У этого француза были острый нос и бешеные глаза. Он не носил парика, и его взъерошенные слипшиеся волосы торчали, как иглы. Он тяжело дышал, и Тобиас разглядел капельки пота на его верхней губе.
Вильерс поднял выше локоть, защищаясь, но француз упорно, шаг за шагом теснил его в угол. Тобиас сполз вниз по стене, приседая на корточки и наблюдая за ними. Сердце его издавало глухие удары, хотя он и понимал, что это глупо, что это всего лишь упражнение.
– Я бы вам посоветовал… – Француз не успел договорить. Герцог сделал резкий выпад, и его рапира уперлась в горло француза.
Затем француз отступил.
– Ваш смелый выпад, пока еще очень легко отбить, – заметил он, при этом голос его дрогнул. Обернувшись к большому зеркалу в стене, он одернул жилет.
– Черт побери, – произнес Вильерс, – я весь вспотел!
Отставив рапиру, он стянул через голову рубашку и бросил ее на пол.
Тобиас вытаращил глаза. Он не видел отца таким, не предполагал, что под его вычурным платьем скрывается такая сила – такие мускулы и атлетическая грудь. Такой поджарый живот.
Тобиас с досадой подумал о собственном хлипком теле. Правда, теперь он уже выглядит намного лучше, чем месяц или два назад. Раньше он пребывал в «крайне нежелательных условиях», как объяснил это Эшмол, дворецкий Вильерса. Хотя Тобиас почти не думал об этом, прочищая канализационные трубы, наполненные отвратительной слизью. Он выискивал, в них серебряные крючки, золотые зубы и прочие ценности, случайно попавшие туда.

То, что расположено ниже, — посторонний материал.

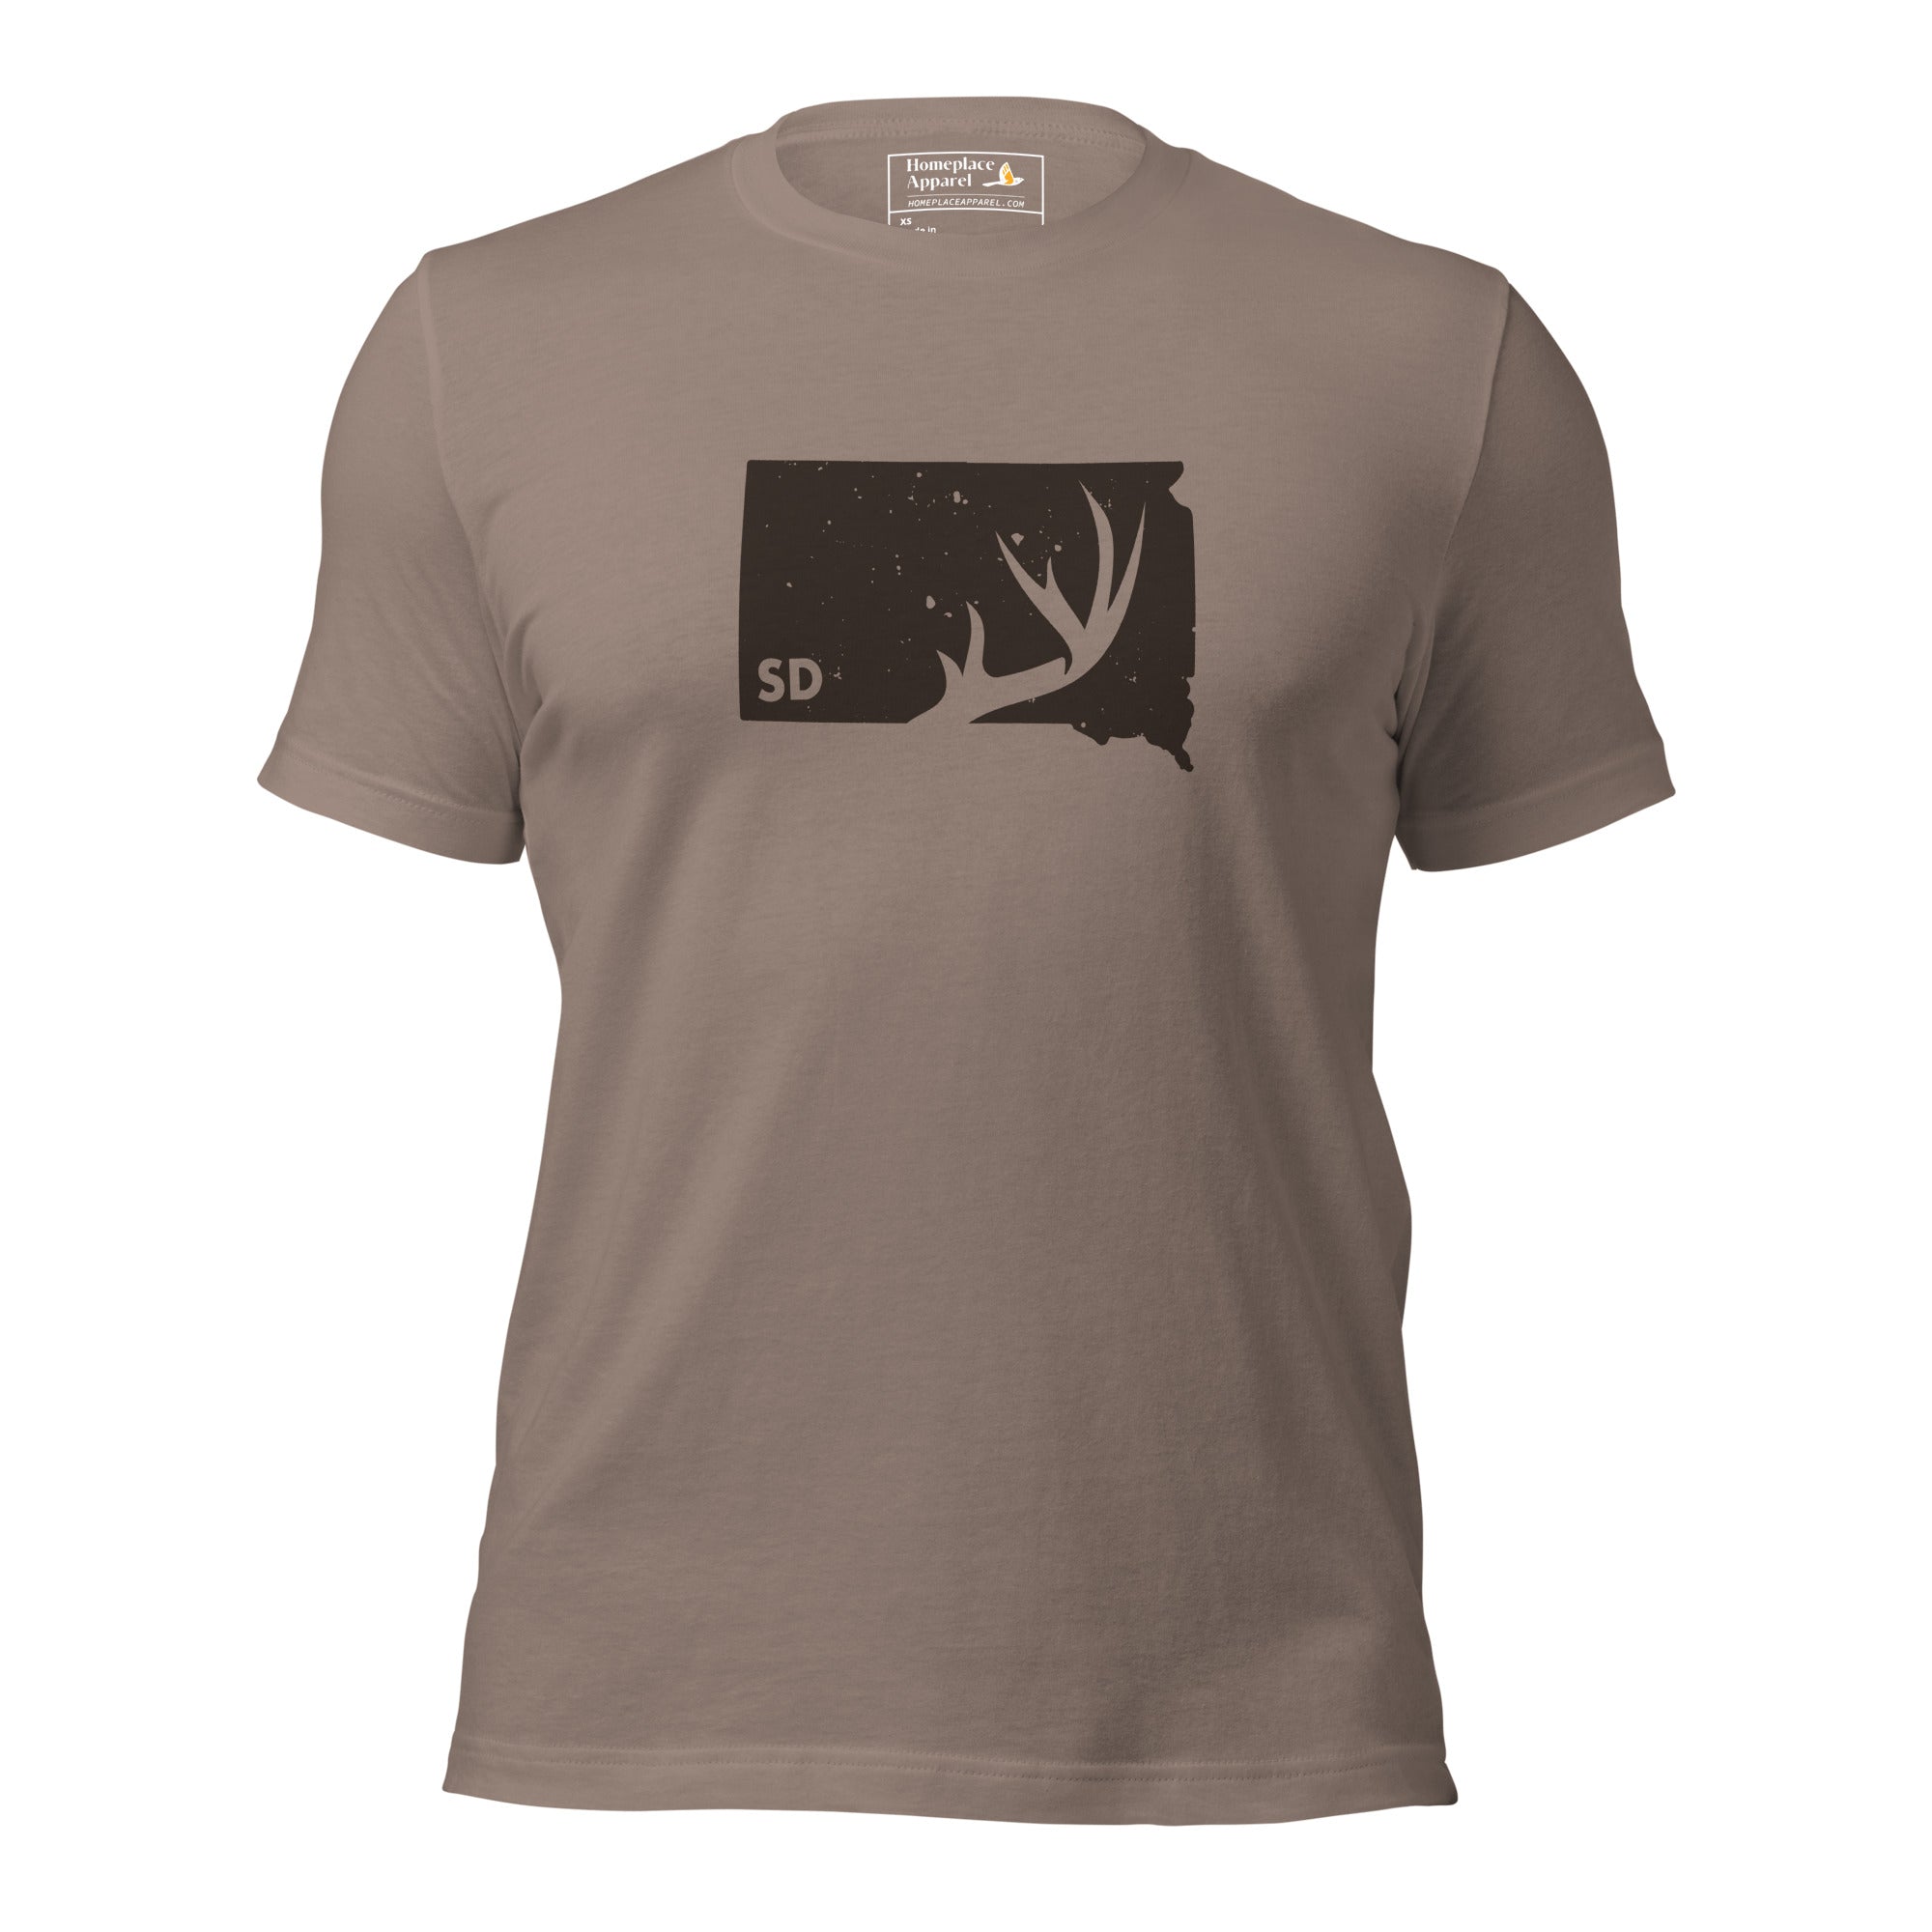 unisex-staple-t-shirt-pebble-front-65035dfd303cf.jpg

Между тем мужчины начали снова кружить друг за другом. В движении отцовский торс казался ему еще более совершенным. Все это было так необычно, он привык видеть отца застегнутым на все пуговицы, в шелке или бархате с позументами.
Только сегодня утром он навестил их детскую в красном бархатном камзоле, расшитом виноградным орнаментом, цветами и жемчугом.
Продав одну такую жемчужину, можно было объедаться пирожками с мясом неделями. Тобиас дольше всех пробыл с отцом и мог более спокойно относиться к его экстравагантным нарядам, но младшие сестренки, которых привезли пару недель назад, и его брат Колин, появившийся в доме неделей раньше, буквально онемели от восторга.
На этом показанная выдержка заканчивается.